Insecurity and Self-Doubt
You'd probably be hard-pressed to find a teenager who hasn't felt at some point like they're not good enough, and Billie Jo's no exception. The way she describes herself in the first chapter clearly shows that she's got some issues:
a long-legged girl / with a wide mouth / and cheekbones like bicycle handles (1.3)
She gets off to an okay start—but when she describes part of her face as looking like a bicycle, well, it's safe to say that Billie Jo shows some serious insecurity.
Pretty much all teenagers deal with insecurity, but precious few of them experience the depth of pain and loss that Billie Jo does in this story. With her hands injured by the fire, she seems to sink even deeper into despair. Playing piano occasionally gives her the endorphin rush it once did, particularly in Chapter 69—"The Competition"—when she practices like a madwoman for a talent show at the Palace Theater. She wins third prize, which proves that in spite of everything, the girl's still got it—and yet, just a few chapters later, she blows a performance at the elementary school, and later, at graduation.
Here's the point: Billie Jo repeatedly blames her inability to play on her hand injuries, even citing after the contest that playing "hurts like the parched earth with each note" (70.6). But is this really true?
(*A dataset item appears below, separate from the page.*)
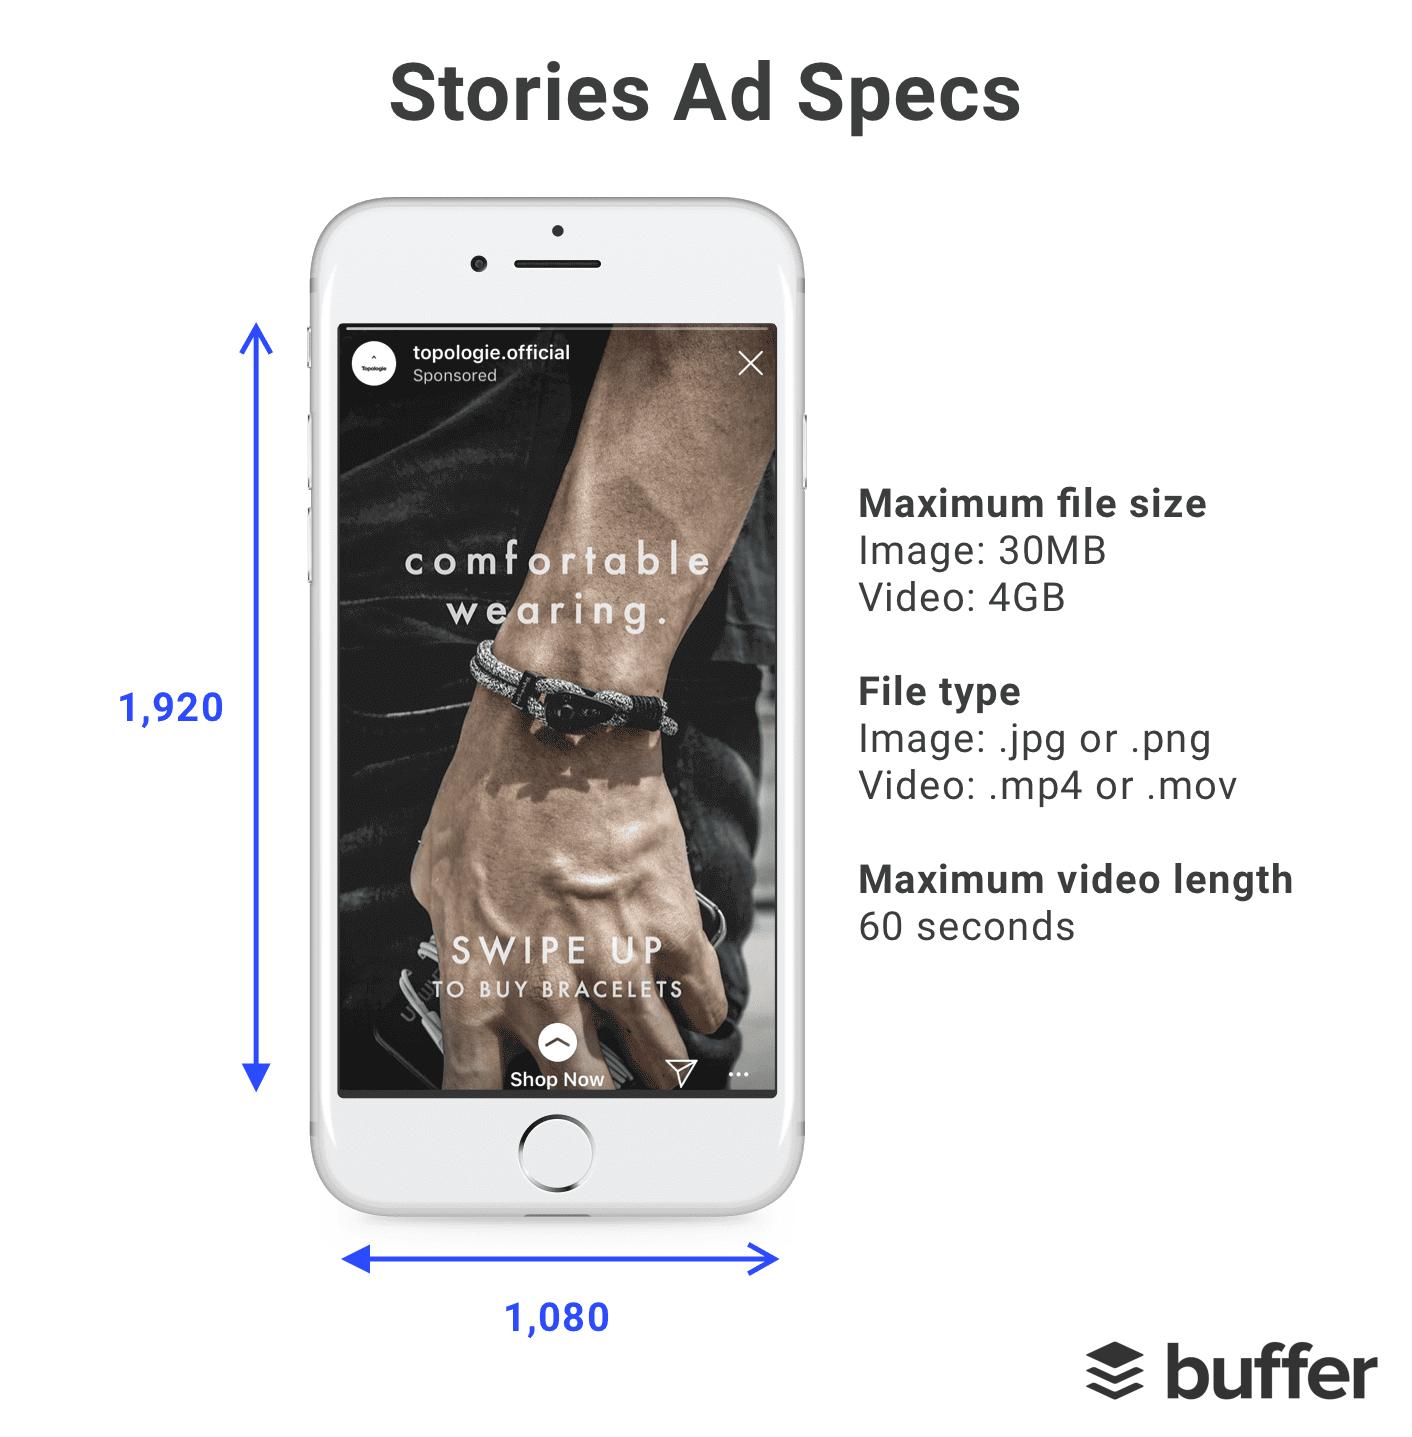 dimensões de anuncios de stories de instagram

Her prize-winning effort at the talent show demonstrates that she hasn't lost the ability, and once she does decide to get back at it and start using her hands again, she seems to regain her desire to play.
What this tells us is that Billie Jo goes through a season where she lets her insecurities deepen and mix with her pain, and she just plain wallows in it like a pig in mud. It's only when she finally leaves home and realizes what she's left behind that she can begin to put her life back together.
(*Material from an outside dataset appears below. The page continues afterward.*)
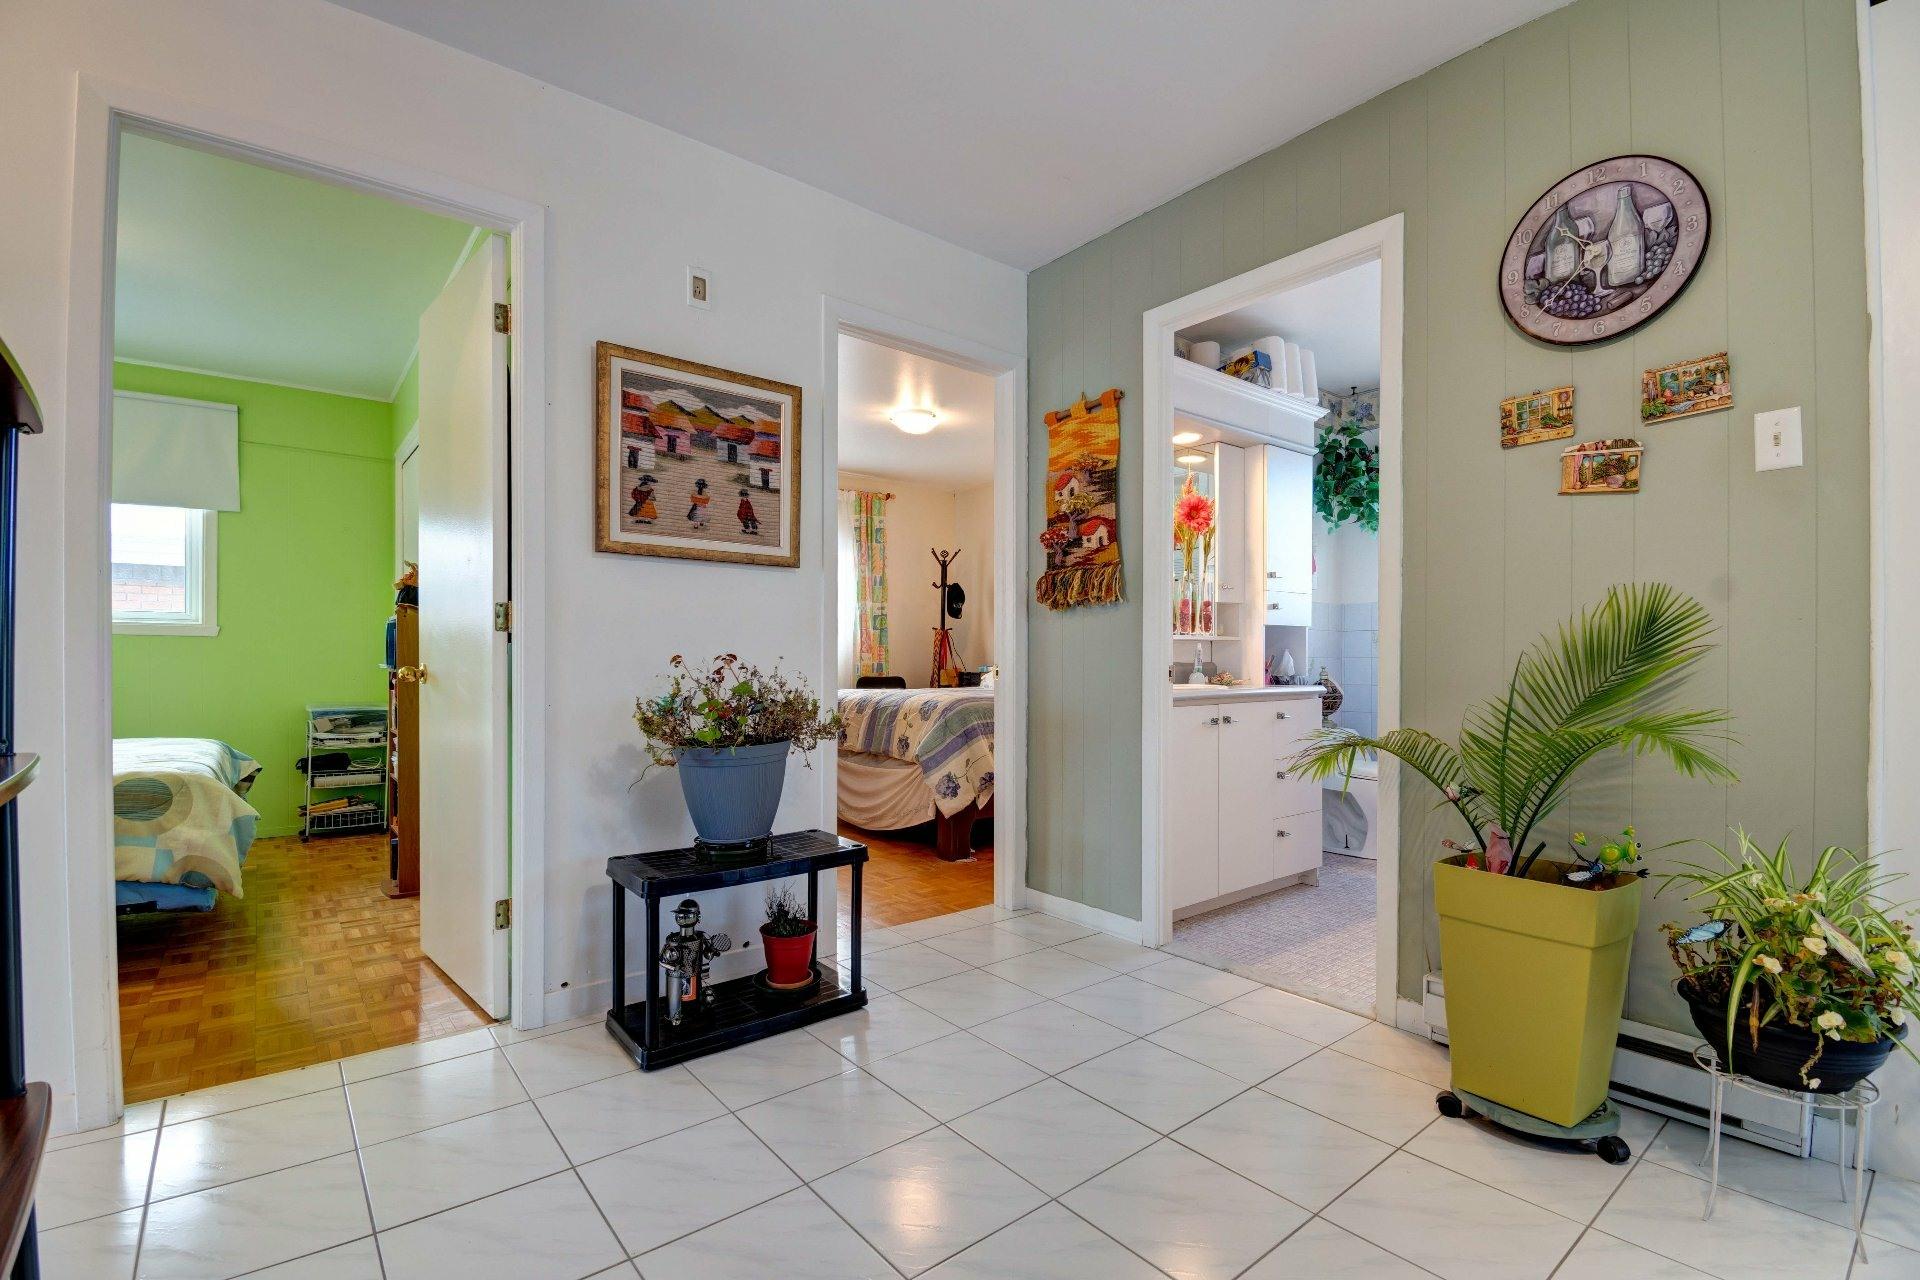 image 11 - Duplex À vendre Trois-Rivières - 6 pièces

Not only does she do this, but we'd actually argue that she comes out of her funk with a clearer sense of who she is than ever. She learns to communicate with her father, reacquaints herself with her mother's legacy of the piano, and looks forward to a new stage of life for her family. So just as we see in her adoration of apple season, Billie Jo ultimately shows incredible resilience and strength, pulling herself back up to a can-do attitude when it comes to life, and remembering to enjoy the good things as they come.
Which is smart. Especially because we've got a hunch that the dust will be back before she knows it—they don't call it the Dirty Thirties for nothing.